Plus largement, le Prix Orange du Livre Afrique a également mission de valoriser l’édition africaine. Une belle initiative qui refuse de « se substituer aux maisons d’édition africaines. Tout en veillant à ce que les droits des livres restent africains, y compris lorsqu’ils sont ensuite publiés en France », affirme Françoise Cosson. Cela a été le cas l’an passé pour Les larmes de la patience de Djaïli Amadou Amal. Initialement publié aux éditions Proximité (Cameroun), le roman a été ensuite publié simultanément par huit maisons d’éditions dans d’autres pays et est, depuis mars 2020, distribué dans neuf pays d’Afrique francophone.
Une préoccupation également essentielle pour la présidente du jury Véronique Tadjo. « Nous essayons de cibler le lectorat africain.
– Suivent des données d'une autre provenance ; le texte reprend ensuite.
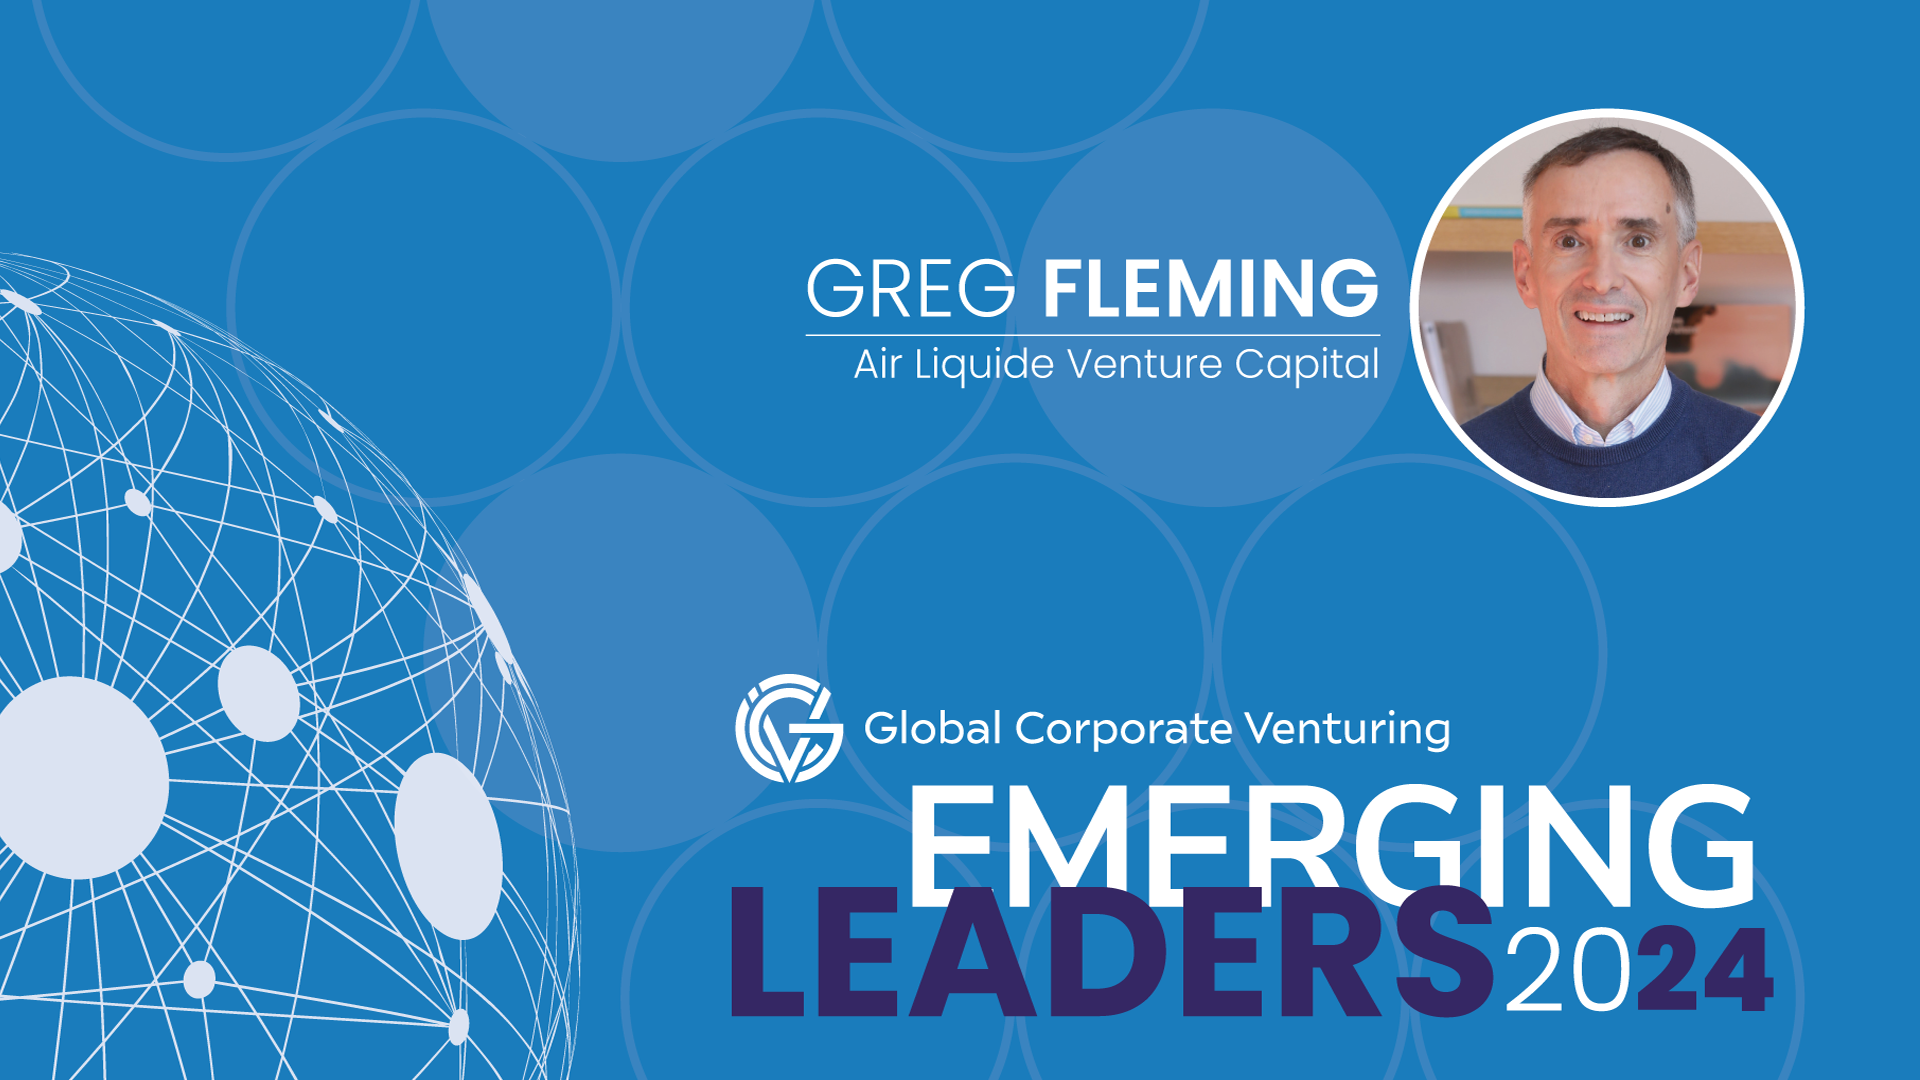 Greg Fleming, Air Liquide Venture Capital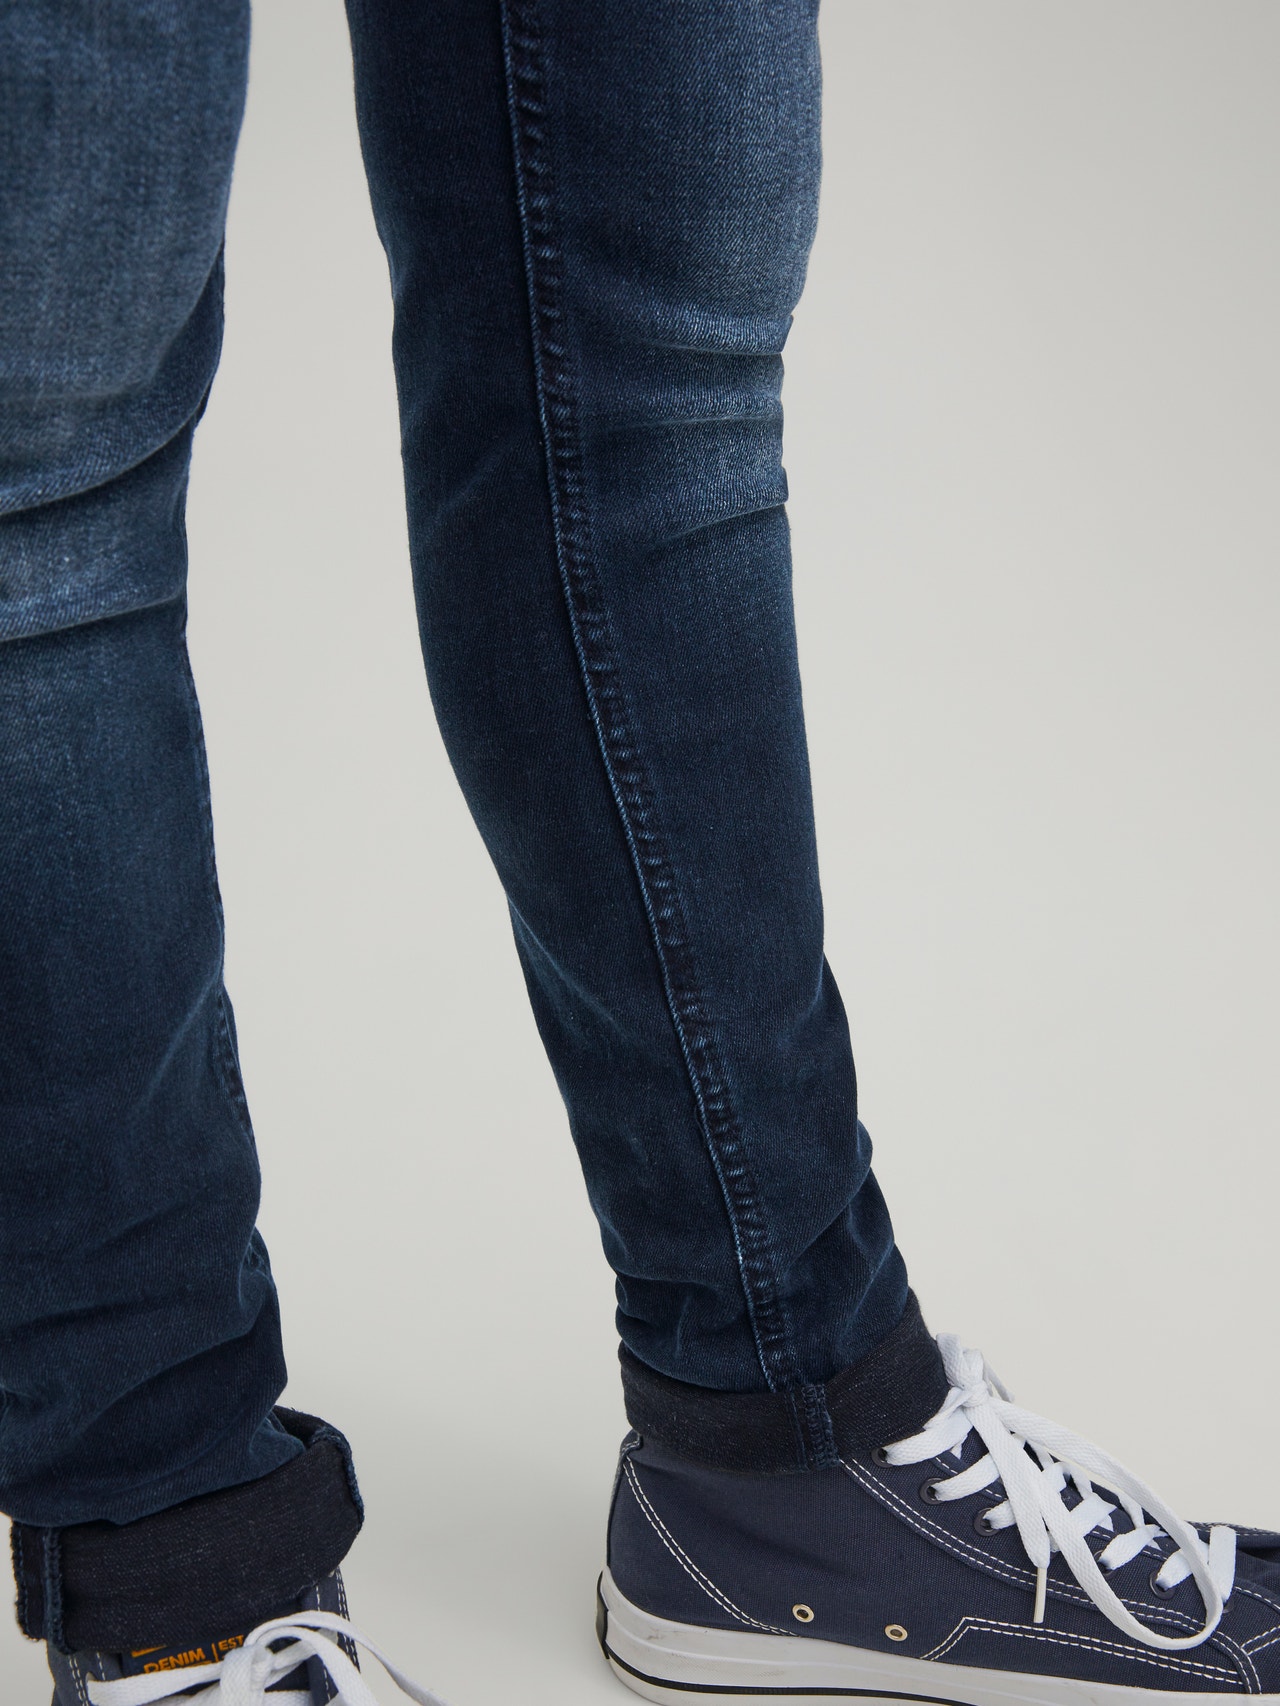 Jack & Jones JJILIAM JJORIGINAL AGI 004 Skinny fit jeans Voor jongens -Blue Denim - 12227863

Ce prix est important pour moi car je me préoccupe beaucoup de l’avenir francophone en Afrique. J’aimerais que le livre ait un bel avenir sur le Continent. On ne peut parler de développement sans passer par la lecture », affirme-t-elle. Une opportunité, selon elle Véronique Tadjo de reconnaître le travail d’un éditeur et d’impulser ses exigences à d’autres professionnels du Continent, notamment celle d’un « travail éditorial sérieux avec les auteurs ». Mettre en avant des livres qui touchent le lectorat africain, avec des problématiques qui le concernent et une littérature de qualité donc. Tout en faisant découvrir aux lecteurs européens des auteurs ancrés dans leurs territoires.
Une attention de la Fondation Orange à laquelle Youssouf Amine Elalamy se dit quant à lui également très sensible. « Les auteurs de nos pays ne sont représentés en Occident que par les auteurs qui vivent en Europe. Même s’ils abordent des thèmes qui concernent l’Afrique et que leurs histoires s’y déroulent, je suis persuadé que ce n’est pas la même sensibilité que lorsque l’on vit sur le Continent ».